» **Provided data**:
=== Begin Enclosure ===

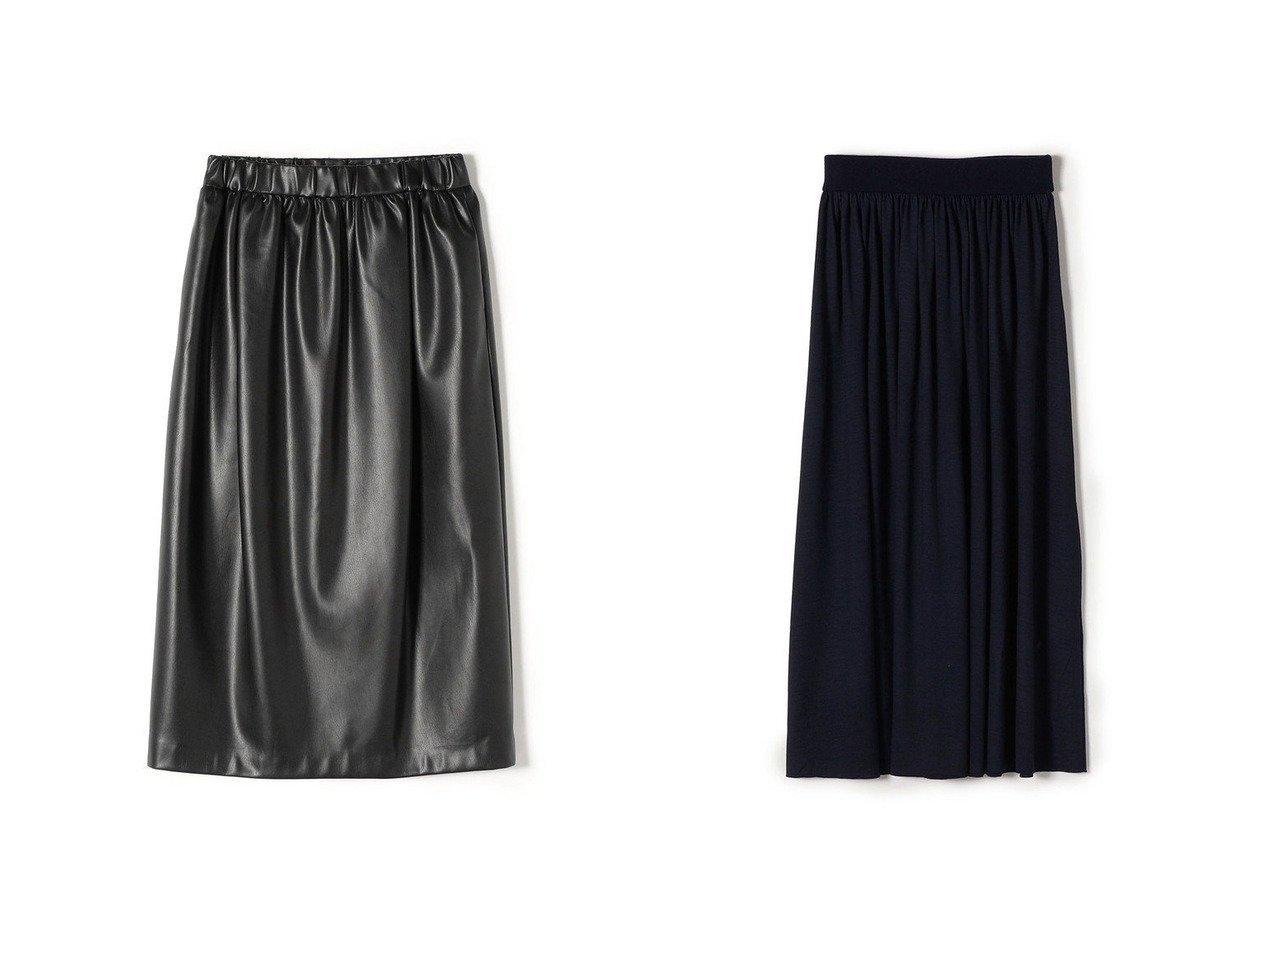 【SHIPS/シップス フォー ウィメン】のPrimary NavyLabel 〈手洗い可能〉ウールジャージースカート&Primary NavyLabel フェイクレザースカート 【スカート】おすすめ!人気、トレンド・レディースファッションの通販 おすすめで人気の流行・トレンド、ファッションの通販商品 インテリア・家具・メンズファッション・キッズファッション・レディースファッション・服の通販 founy(ファニー) https://founy.com/ ファッション Fashion レディースファッション WOMEN スカート Skirt Aライン/フレアスカート Flared A-Line Skirts バルーン フェイクレザー ベーシック 再入荷 Restock/Back in Stock/Re Arrival ギャザー フレア |ID:crp329100000067245
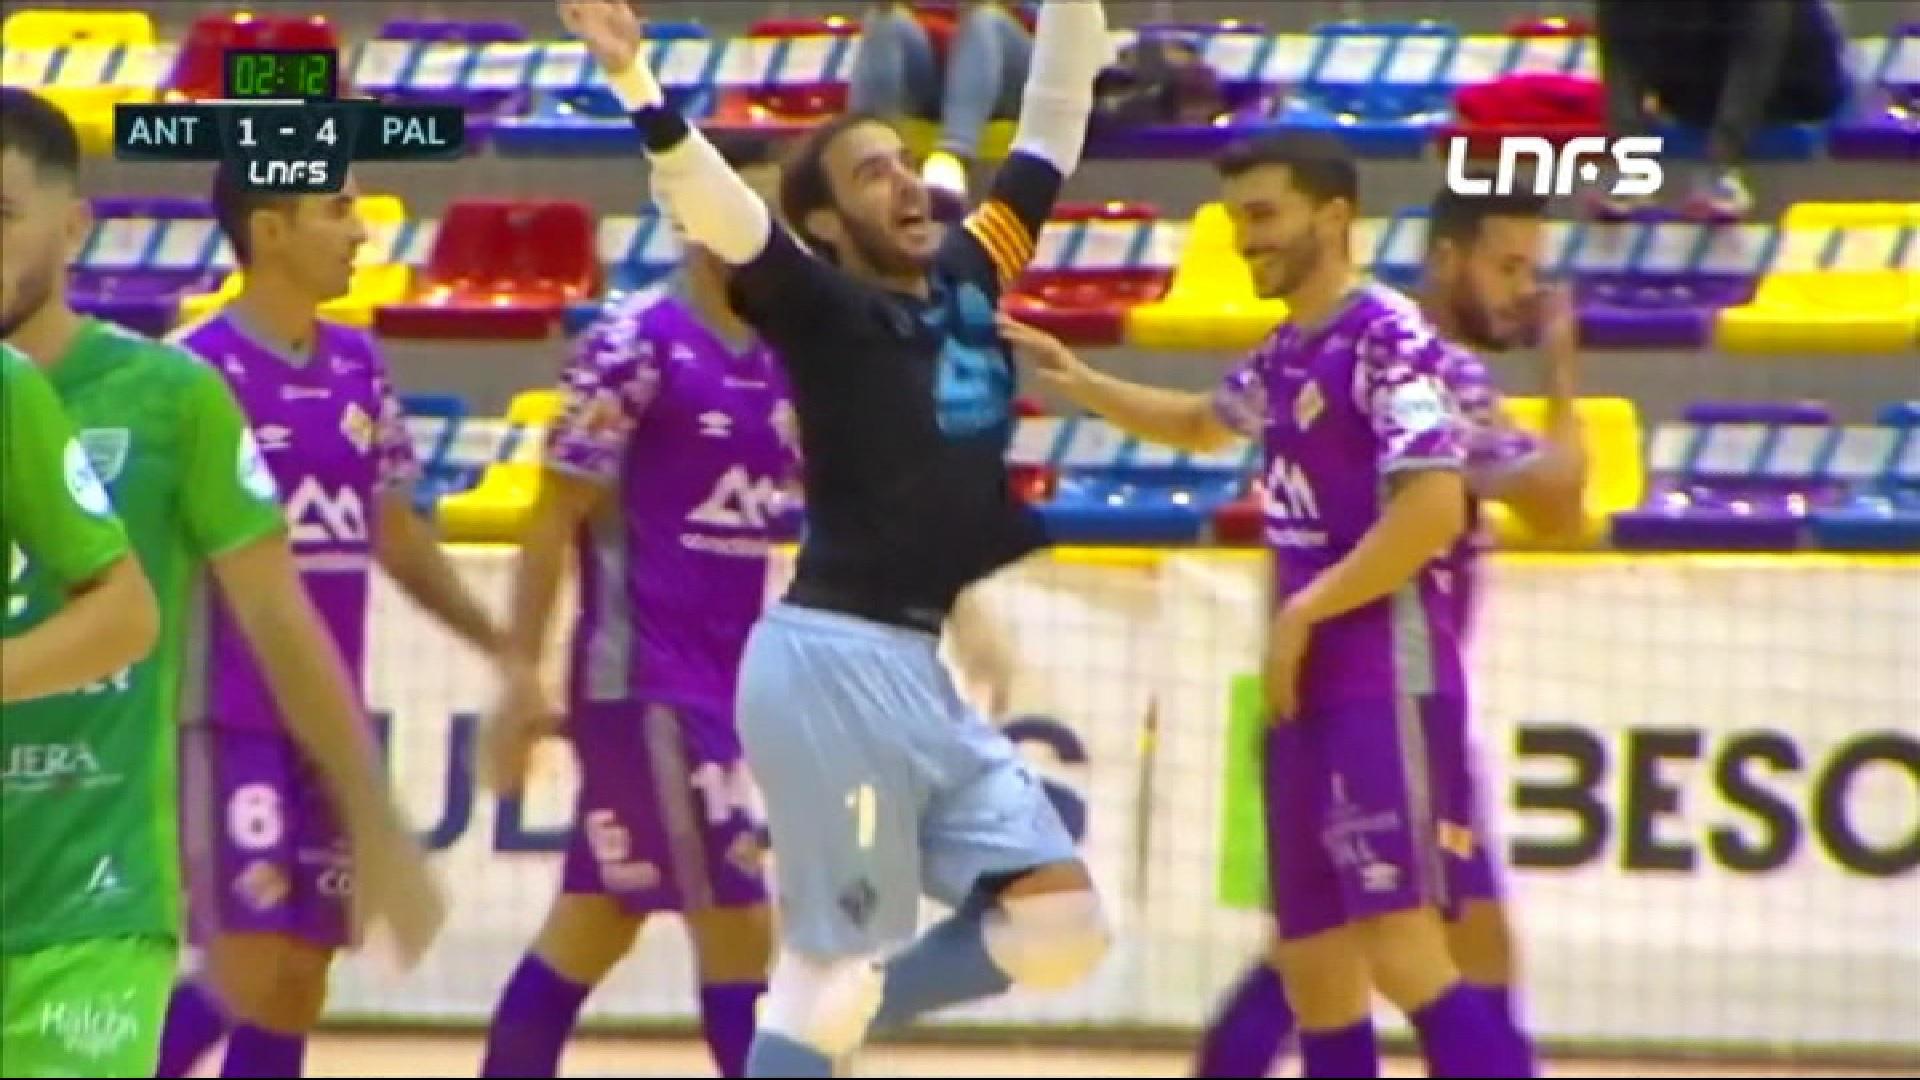 Golejada+i+lideratge+del+Palma+Futsal+per+comen%C3%A7ar+la+lliga
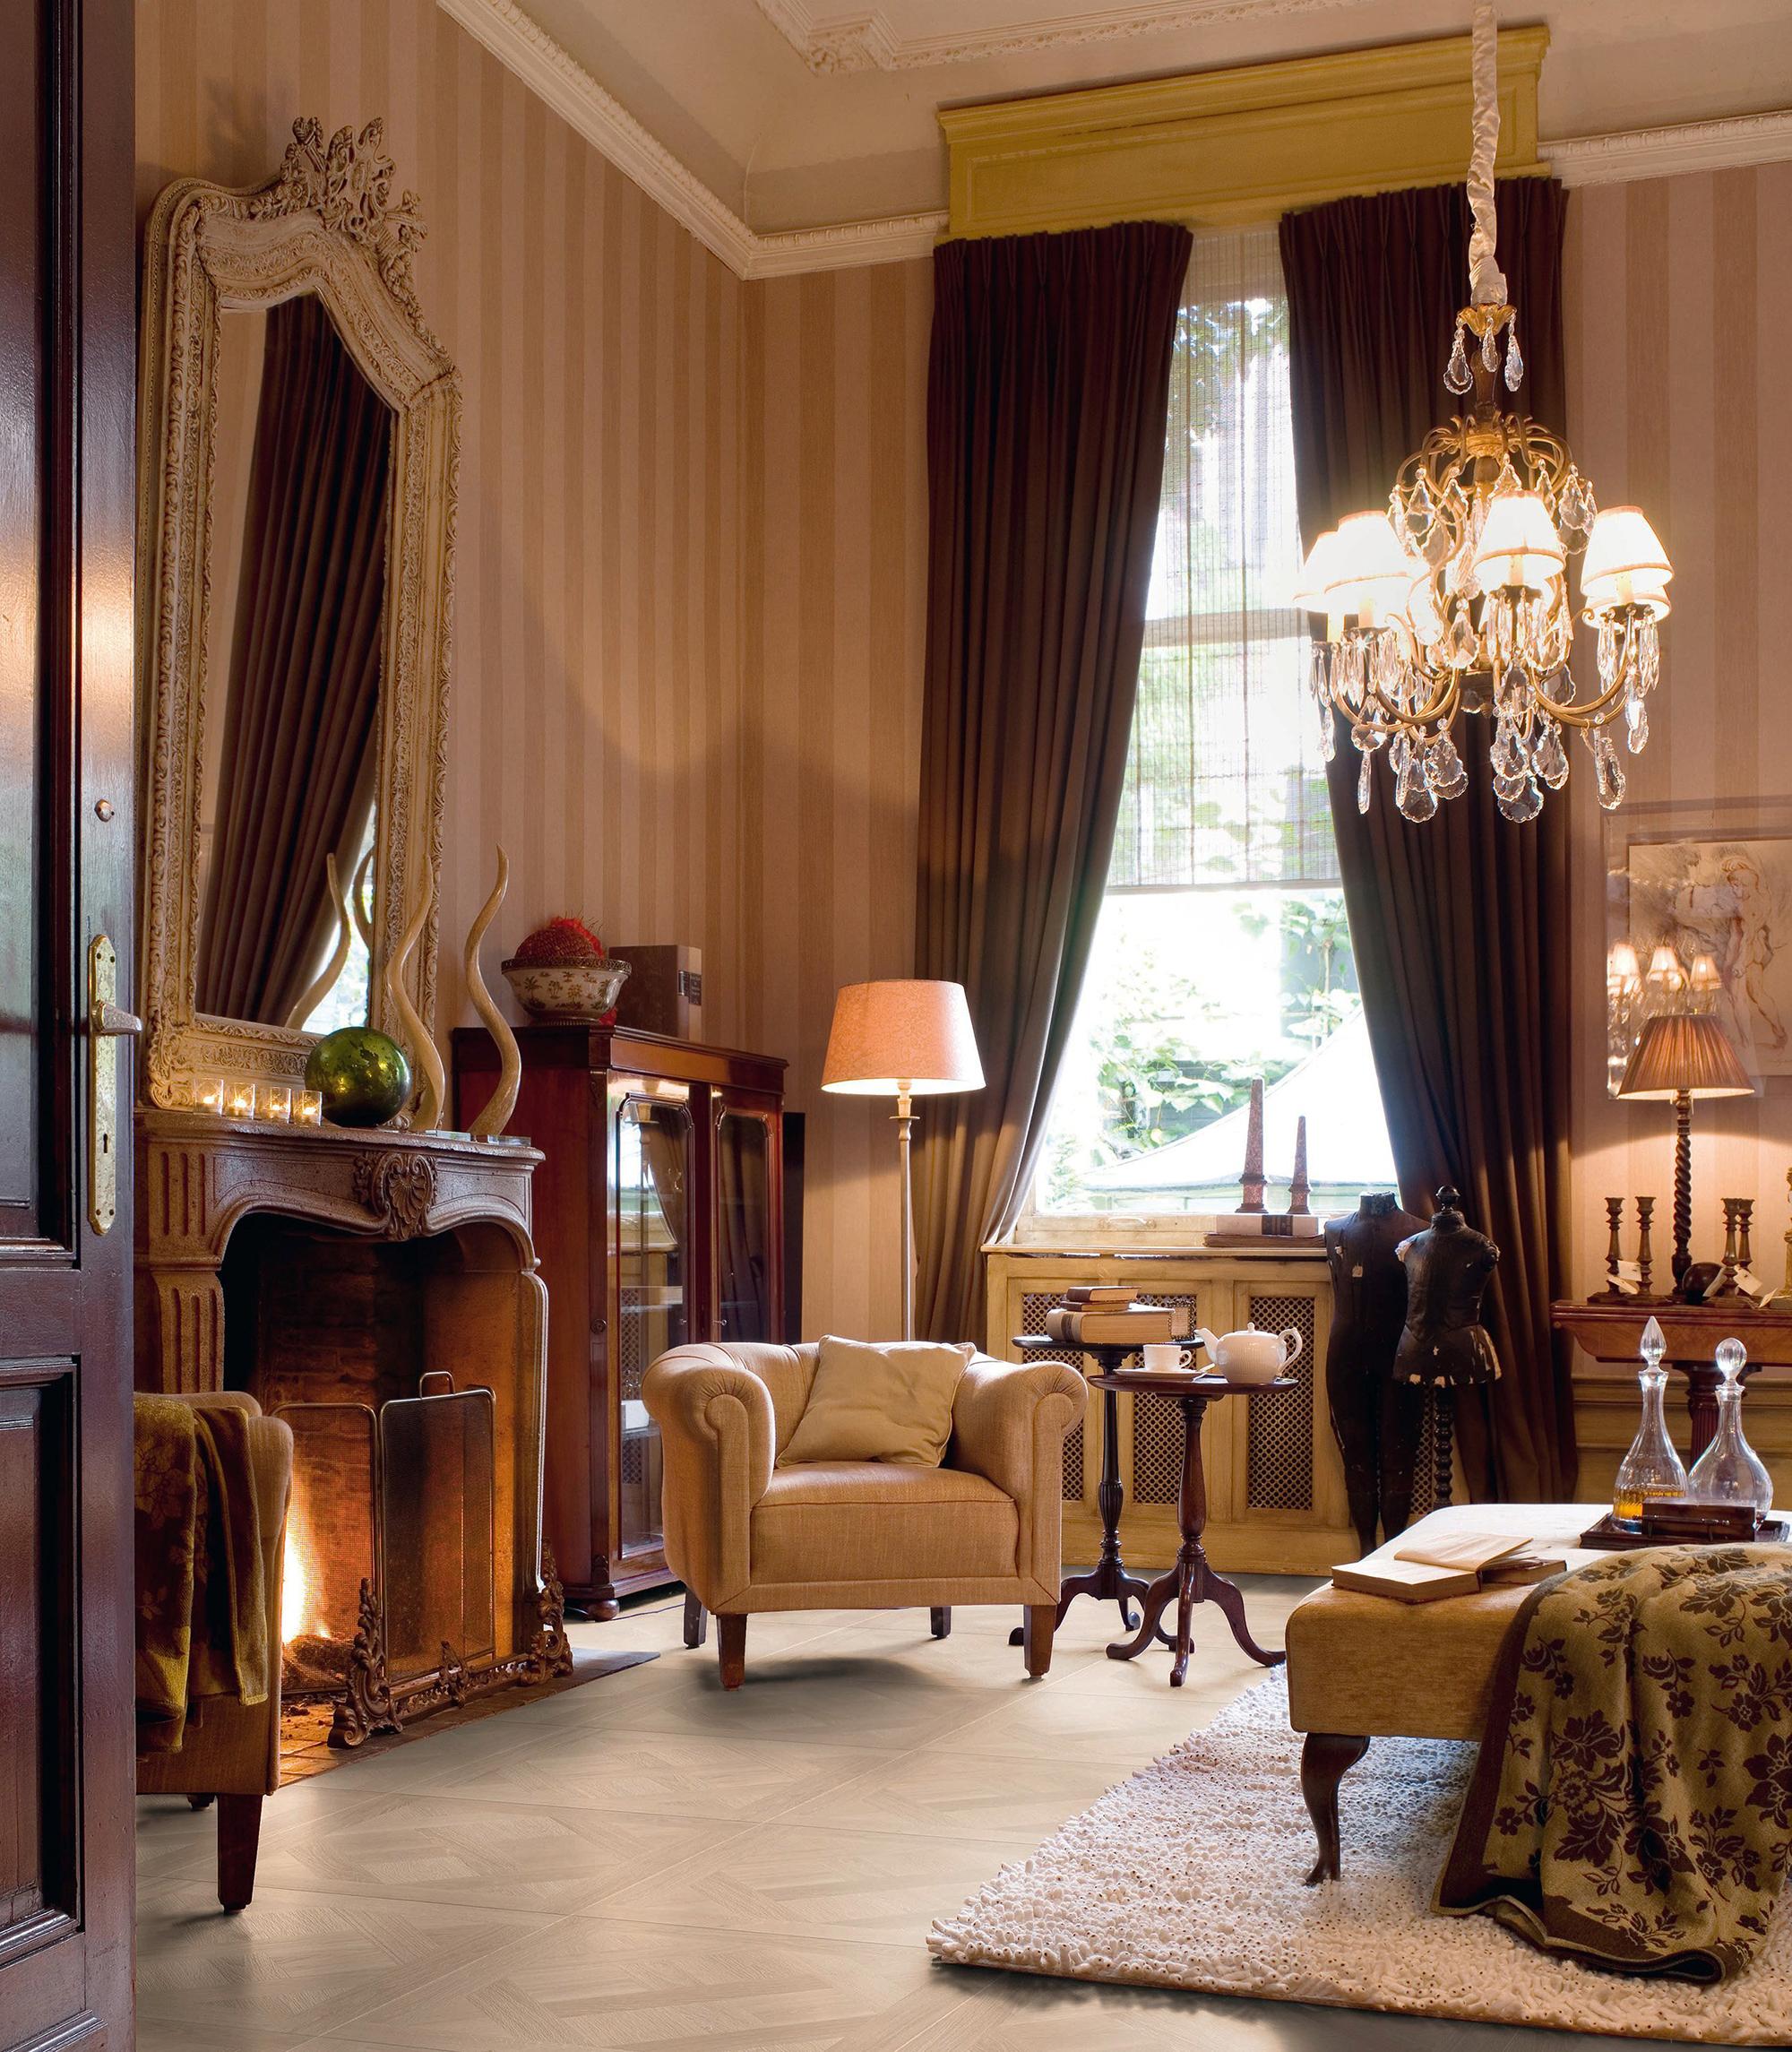 Ламинат с имитацией дерева в гостиной с камином

=== End Enclosure ===

» **Try it**:
Repeat the whole of the material above exactly, but keep the pictures out.

» **The completed task**:
 【SHIPS/シップス フォー ウィメン】のPrimary NavyLabel 〈手洗い可能〉ウールジャージースカート&Primary NavyLabel フェイクレザースカート 【スカート】おすすめ!人気、トレンド・レディースファッションの通販 おすすめで人気の流行・トレンド、ファッションの通販商品 インテリア・家具・メンズファッション・キッズファッション・レディースファッション・服の通販 founy(ファニー) https://founy.com/ ファッション Fashion レディースファッション WOMEN スカート Skirt Aライン/フレアスカート Flared A-Line Skirts バルーン フェイクレザー ベーシック 再入荷 Restock/Back in Stock/Re Arrival ギャザー フレア |ID:crp329100000067245
 Golejada+i+lideratge+del+Palma+Futsal+per+comen%C3%A7ar+la+lliga
 Ламинат с имитацией дерева в гостиной с камином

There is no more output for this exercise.